American fingerstyle guitarist (born 1952)

Jeff Linsky (born April 12, 1952) is an American musician, composer, and recording artist known for his polyphonic improvisational technique on the classical guitar. His 1992 album Solo, in particular, received critical attention for its orchestral approach to solo guitar improvisation. His recordings and performances have been discussed in numerous publications, including the Los Angeles Times, DownBeat, Guitar Player, Acoustic Guitar, Classical Guitar Magazine, Tribuna da Imprensa (Brazil), and Gendai Guitar (Japan). He has performed internationally throughout the Americas, Europe, Asia, and the South Pacific.

==Career==
Linsky began performing and recording at an early age, releasing his debut album Compositions in the early 1970s. While living in Hawaii from 1972 to 1988, he developed his fingerstyle approach and began performing at guitar festivals and concert venues.
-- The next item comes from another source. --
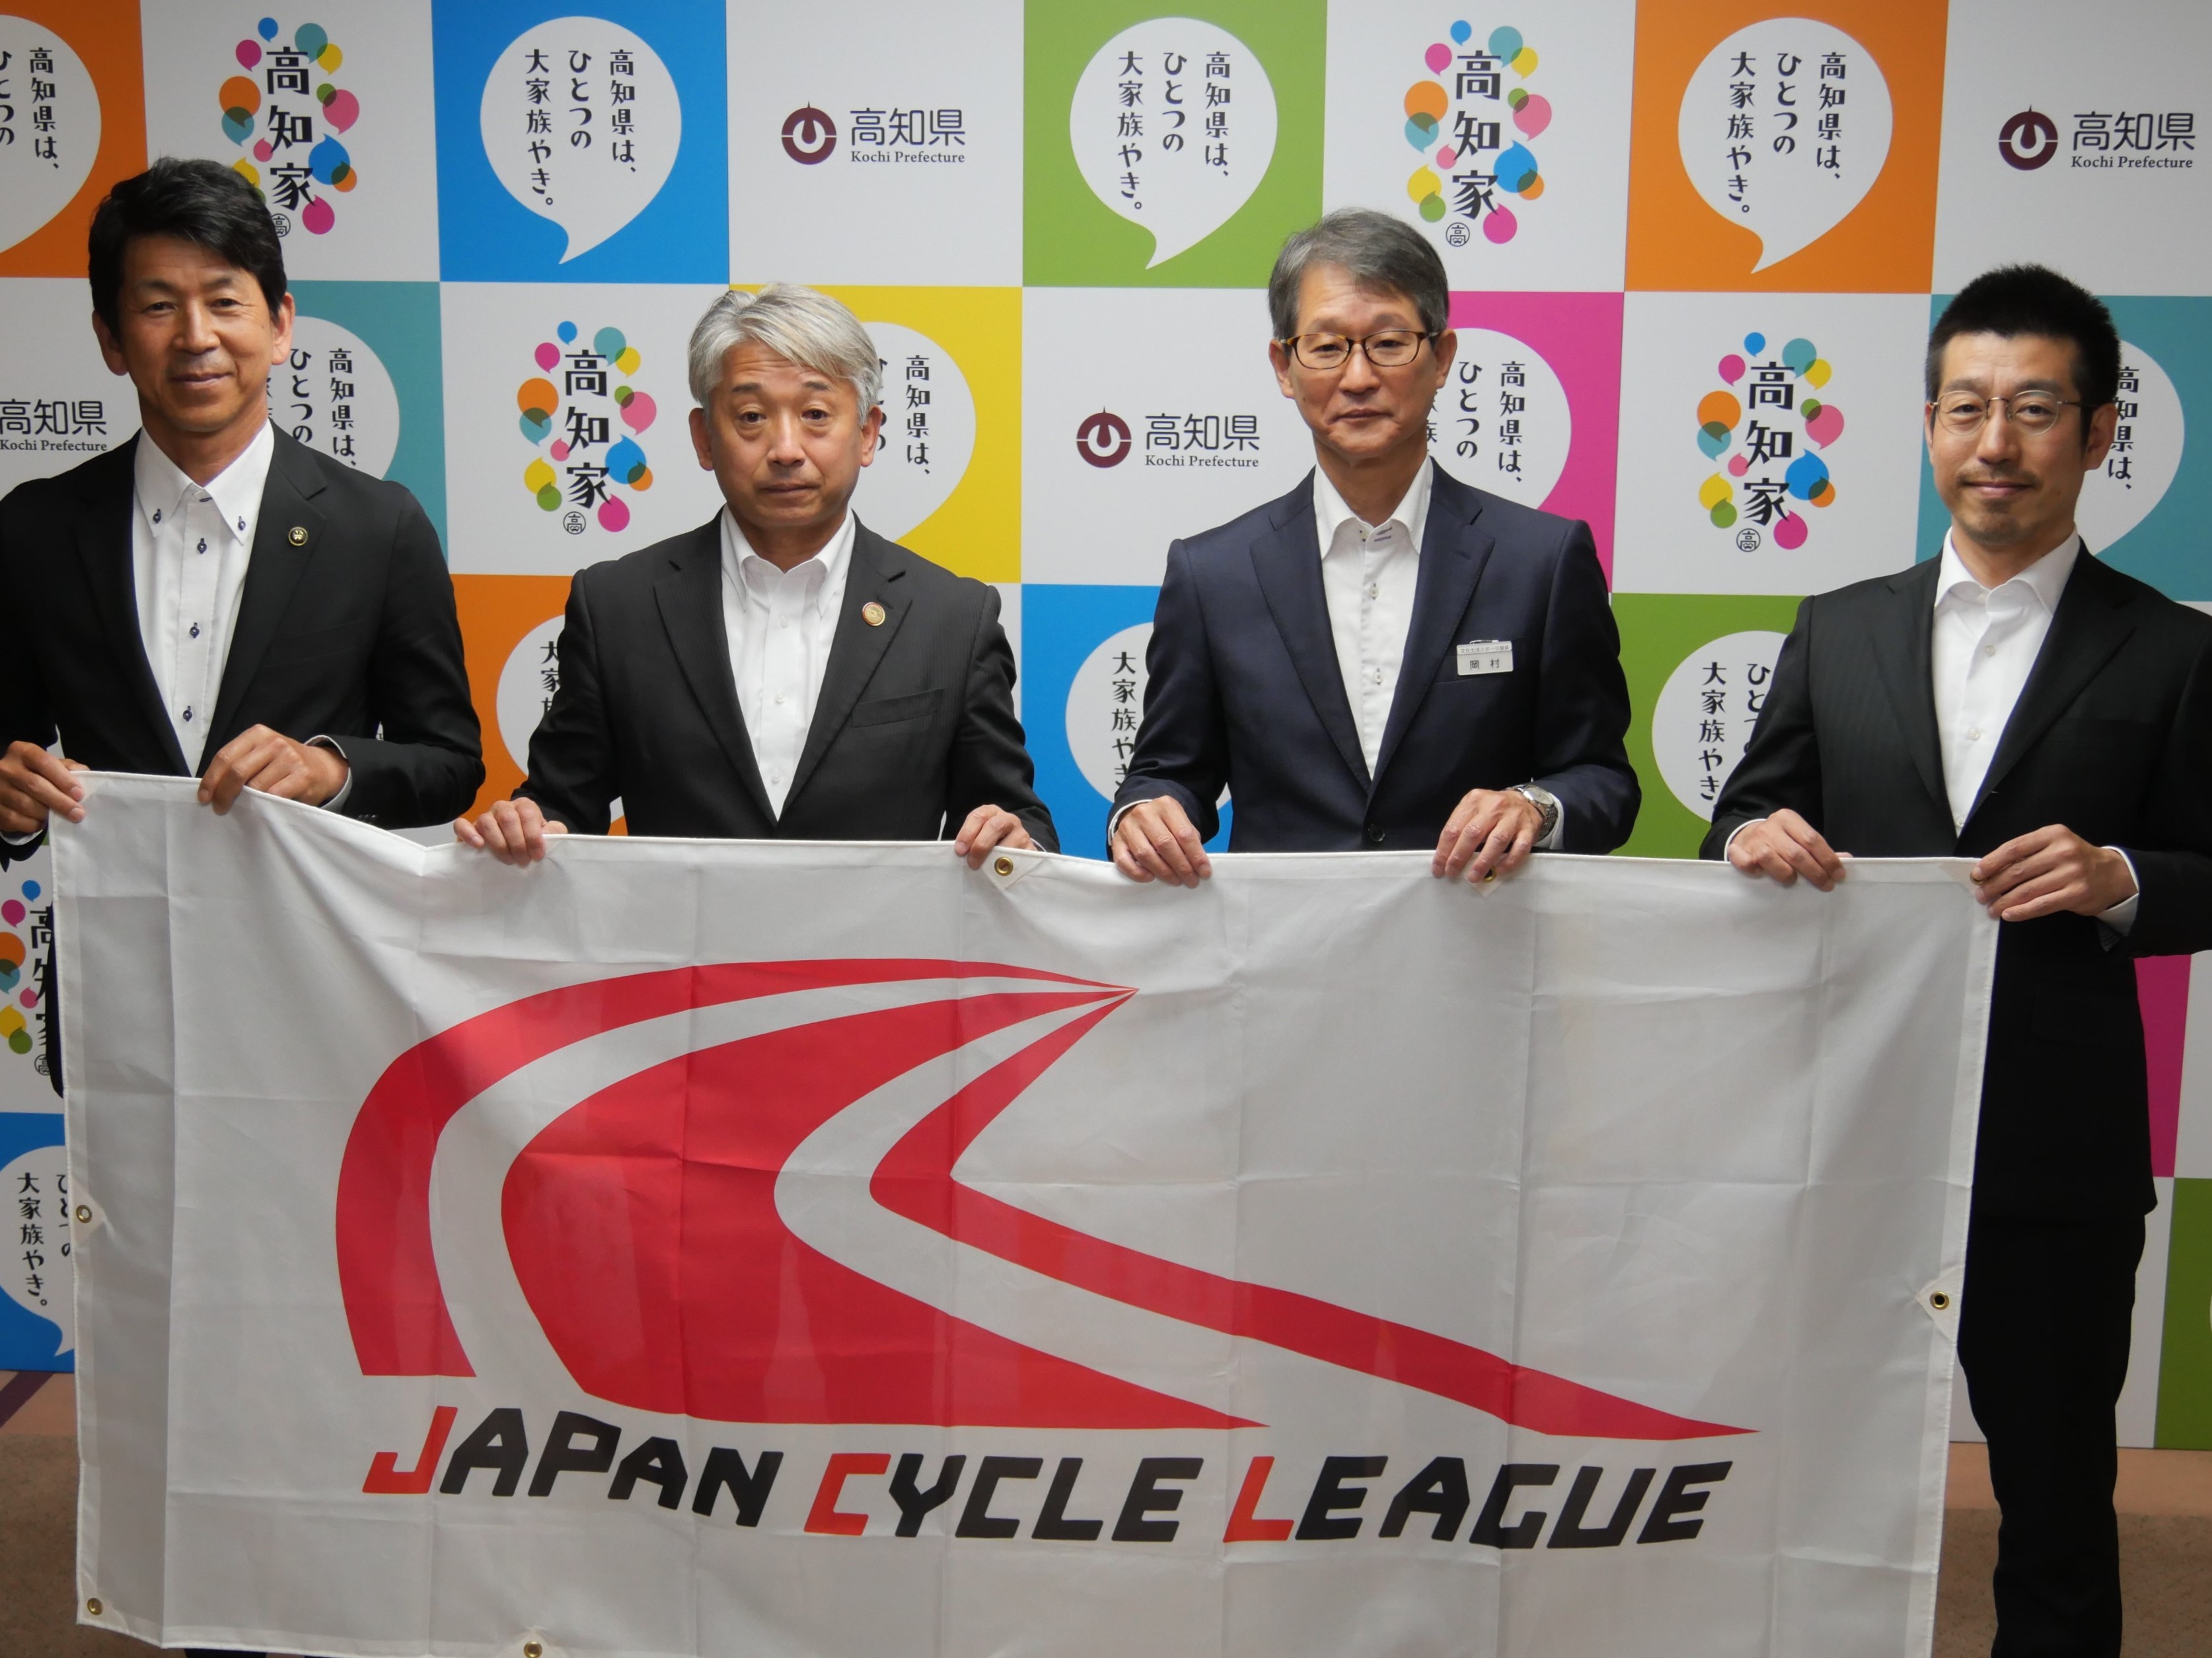 ジャパンサイクルリーグ高知大会実行委員会が設立

In 1978, he was featured at the Carmel Classic Guitar Festival, where his performance was recorded and released as Jeff Linsky In Concert.

By the 1980s and 1990s, Linsky established an international career as a solo artist and collaborator, performing throughout the Americas, Europe, Asia, and the South Pacific. His recordings for Concord Records, including Up Late, Angel’s Serenade, California, and Passport to the Heart, brought wider recognition. His composition “Monterey,” from Up Late, was used as a broadcast theme for the Monterey Jazz Festival on affiliated radio stations including KKJZ 88.1 FM (KJazz). He has also appeared as a guest guitarist on international recordings, including the Brazilian album Tudo que arde, cura by Sérgio Augusto, recorded in São Paulo. Linsky has also performed internationally as a ukulele artist, including a jazz ukulele tour of China supported by Ohana Ukuleles.
== Style and reception ==

In a review for Guitar Player, Jim Ferguson wrote that Linsky’s "ability to freely improvise arrangements that sound like finely honed compositions is nothing short of miraculous."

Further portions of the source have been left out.